Rihanna's last album, 2009's Rated R, found the Barbados-born diva trading umbrellas for f-words as well as mingling sexual and violent imagery in a blistering barrage of angry songs. A year later, the tide of this 22-year-old's rage has mostly ebbed. What remains is sex.
On "Fading," Rihanna realizes she isn't content to stay with someone whose words and actions don't line up: "You say you love me/But this isn't working/Stop thinking you can run over me/ … Go on, be gone." Isolated lines on the otherwise sensual "Only Girl (In the World)" capture a woman's longing to be treated right ("Want you to make me feel like I'm the only girl in the world/Like I'm the only one that you'll ever love").
"Raining Men" warns a guy that the singer's not an easy mark, sexually speaking. (The rest of the album begs to differ.) "Complicated" sorts through the mixed emotions of an up-and-down relationship. "Man Down" narrates, reggae-style, the sad story of a woman who regrets shooting and killing a man. Among other things, she now fears jail and prays for mercy ("Oh Lord, a mercy now") as sirens sound in the background.
Album opener "S&M" sets the sexual tone for Loud. "Pain is my pleasure," Rihanna coos before bragging, "I may be bad, but I'm perfectly good at it/Sex in the air, I don't care, I love the smell of it." Then she adds, "Sticks and stones may break my bones/But chains and whips excite me."
"What's My Name" features Drake, who wastes no time before degrading a woman with a "compliment" regarding her oral sex skills. Rihanna later responds, "Not everyone knows how to work my body/ … Let's explore your talent/ … Every door you enter, I will let you in." Similarly sexual double entendres inhabit "Only Girl (In the World)." Guest contributor Nicki Minaj makes graphic references to both her own anatomy and that of a man who wants to have sex with her on "Raining Men." "Skin" celebrates a man and a woman getting naked and having sex. "California King" ponders how a woman could be so physically close to a man yet so emotionally distant. She doesn't get an answer, but she does quip about evidence of their sexual relationship on the sheets the next morning. The woman also equates asking the man if he loves her with emotional weakness.
"Cheers" enumerates all the things that deserve another round of drinks (specifically, Jameson Irish Whiskey), including the repeated line, "Don't let the b‑‑tards get you down/Turn it around with another round." Elsewhere, "n-gga," "b‑‑ch," and a handful of f- and s-words are partially censored.

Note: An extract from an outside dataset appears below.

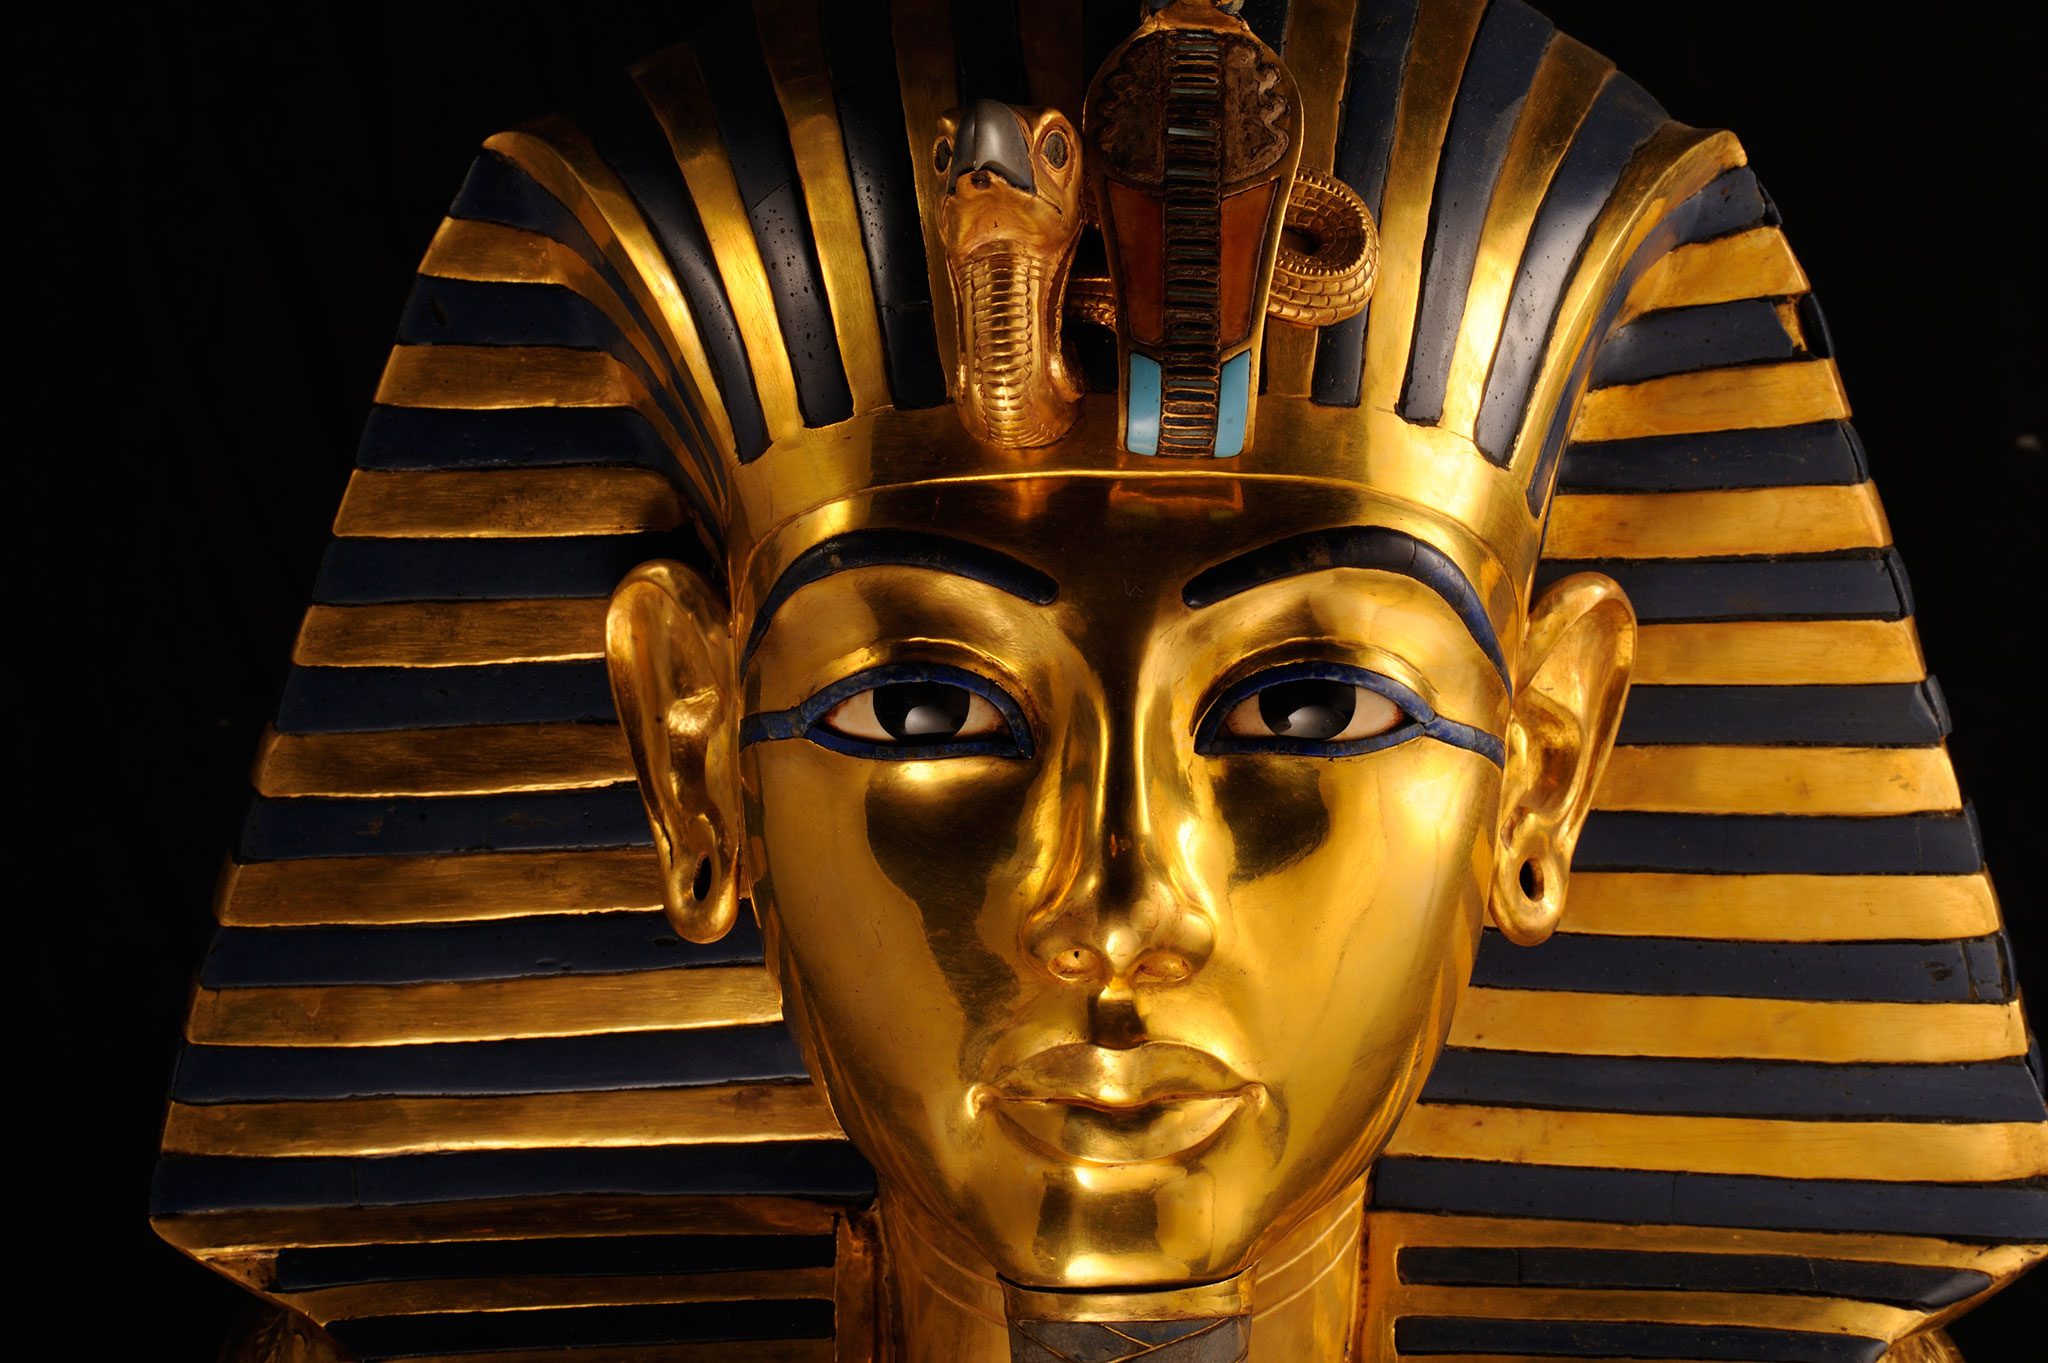  الفرعوني الذهبي توت آمون يفجر أزمة بين لندن والقاهرة

"Love the Way You Lie (Part II)" is a follow-up to the hit duet Rihanna shared with Eminem. She gets the spotlight this time around, detailing (again) a violently dysfunctional relationship. "Glass is shattered from the fight," Rihanna sings. "In this tug of war, you'll always win, even when I'm right." Eminem's contribution is, if anything, even more intense than what we heard in the first song ("You hit me twice, yeah, but who's countin'/I may have to hit you three times, I'm startin' to lose count").
A year ago, Rihanna made the news for wrapping her unclothed upper torso in barbed wire for the artwork accompanying her single "Russian Roulette." Then came the fierce, Grace Jones-esque glare she delivered on the stickered disc Rated R. That album cover may as well have been labeled, "Don't tread on me!"

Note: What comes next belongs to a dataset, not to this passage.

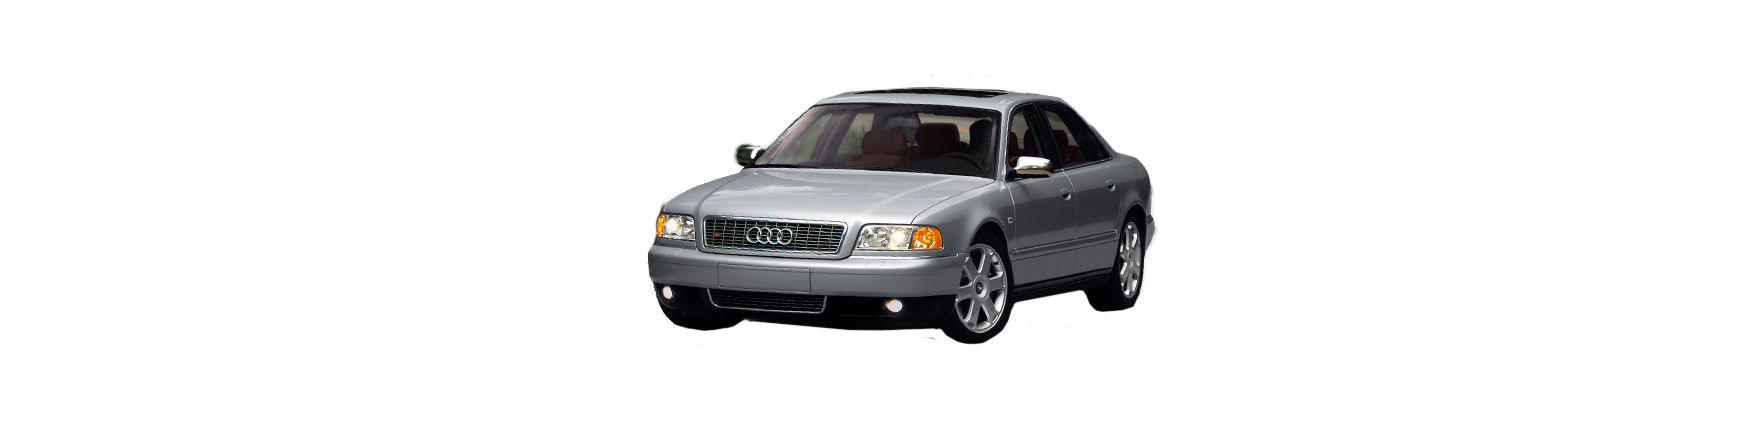 Audi A8 1994 a 2003  Repuestos de calidad al mejor precio.

A quick glance at the liner notes for Loud (and even a quick glance isn't advised, actually) reveal a Rihanna whose image is as soft and sensual as her Rated R image was edgy and angry. She pouts like Marilyn Monroe and crawls through beds of roses or on the beach wearing very little. (Her arm obscures only part of her bare breast in one shot.)
Those photos perfectly mirror the content of the 11 songs she sings. With few exceptions, Rihanna drives home the message that sex is not just the best thing in life, it's the only thing.